There is some untapped potential here, especially with dramatizing how corporations can own everything and assume all citizens will do their bidding. In fact, some of this quite prescient in 2014. Alas, the idea is prescient but the execution is ill-defined. The filmmakers never spend much time with the resistance group (how can you curtail CCH Pounder's character, easily the most interesting character in the entire movie?) and spend even less time with Robocop, particularly his emotions that come to the surface (for newbies, he was once a cop named Murphy). Nancy Allen, reprising her role as Murphys' cop partner for the third time, is in it for a paycheck when she exits rather early in the proceedings. Mostly we get scenes of a Japanese businessman (Mako) who may or may not be evil - he sends ninja androids to counter any opposition and they both eventually go mano-a-mano with Robocop. One of these ninja androids smokes! Little color or variety is allowed for the resistance group - when we see them at work preparing to fight the cops, it isn't long before an action scene develops that comes out of nowhere. The filmmakers never take a moment to invest in this motley crew.

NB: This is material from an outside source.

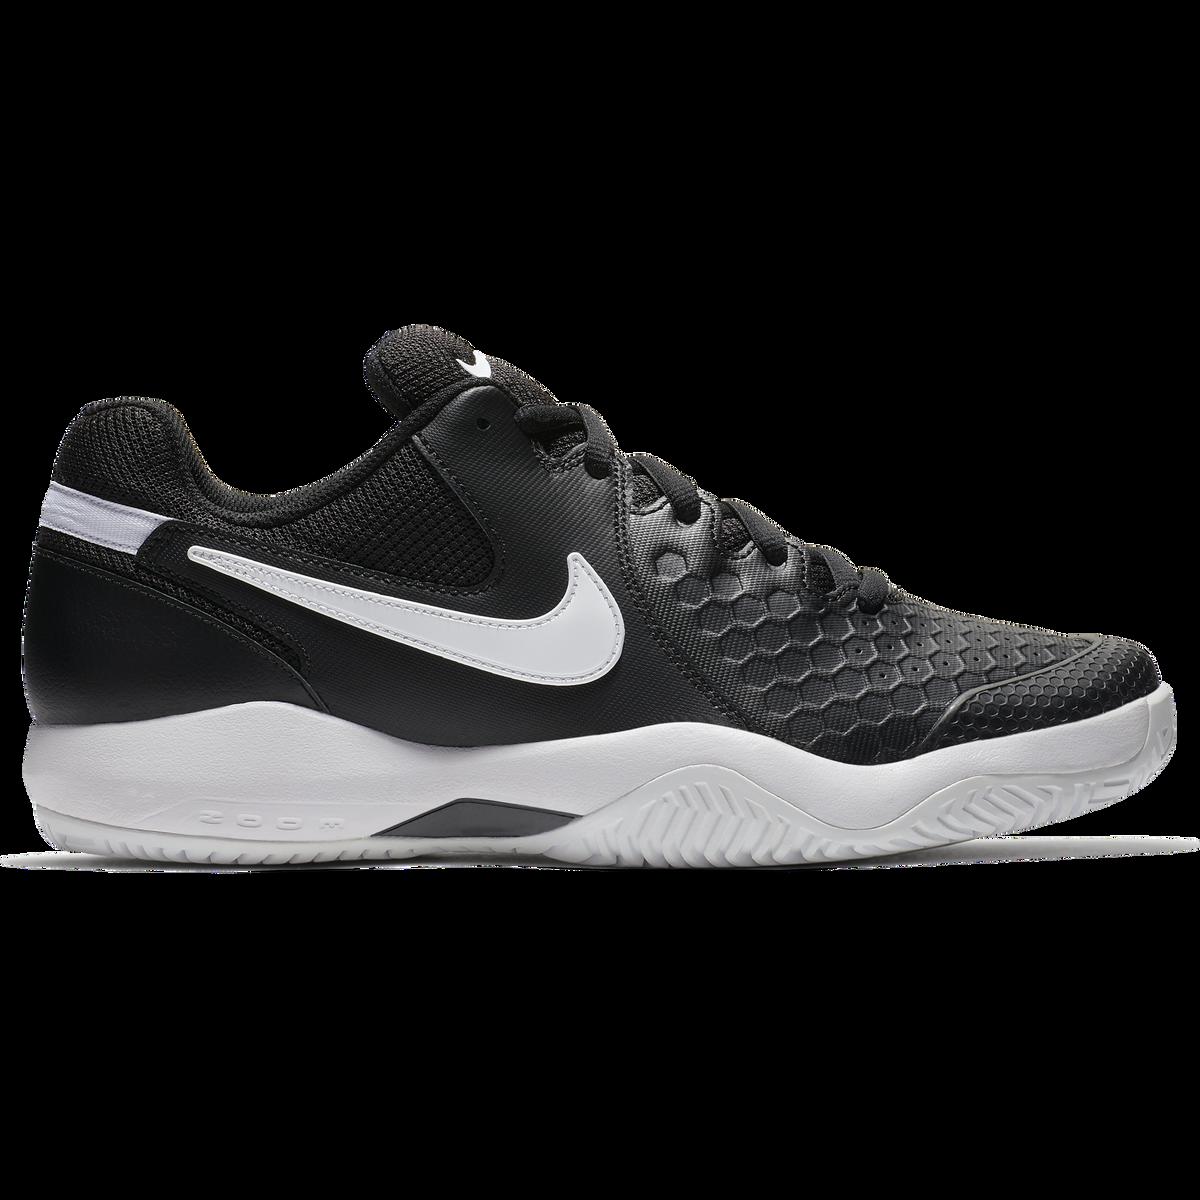 b12973f2027e Nike Air Zoom Resistance Men s Tennis Shoe - Black White

"Robocop 3" is busy with many characters and subplots (Rip Torn comes off best as a OCP President) but it never develops them into a coherent screenplay and logic is thrown out the window early on. Co-written by Dekker and Dark Knight comic-book writer Frank Miller (his contributions are clearly truncated), the PG-13 sensibility is to draw a younger crowd to the chrome metal hero. Only problem is he, and the rest of the characters, are reduced to scrap metal parts in search of a movie.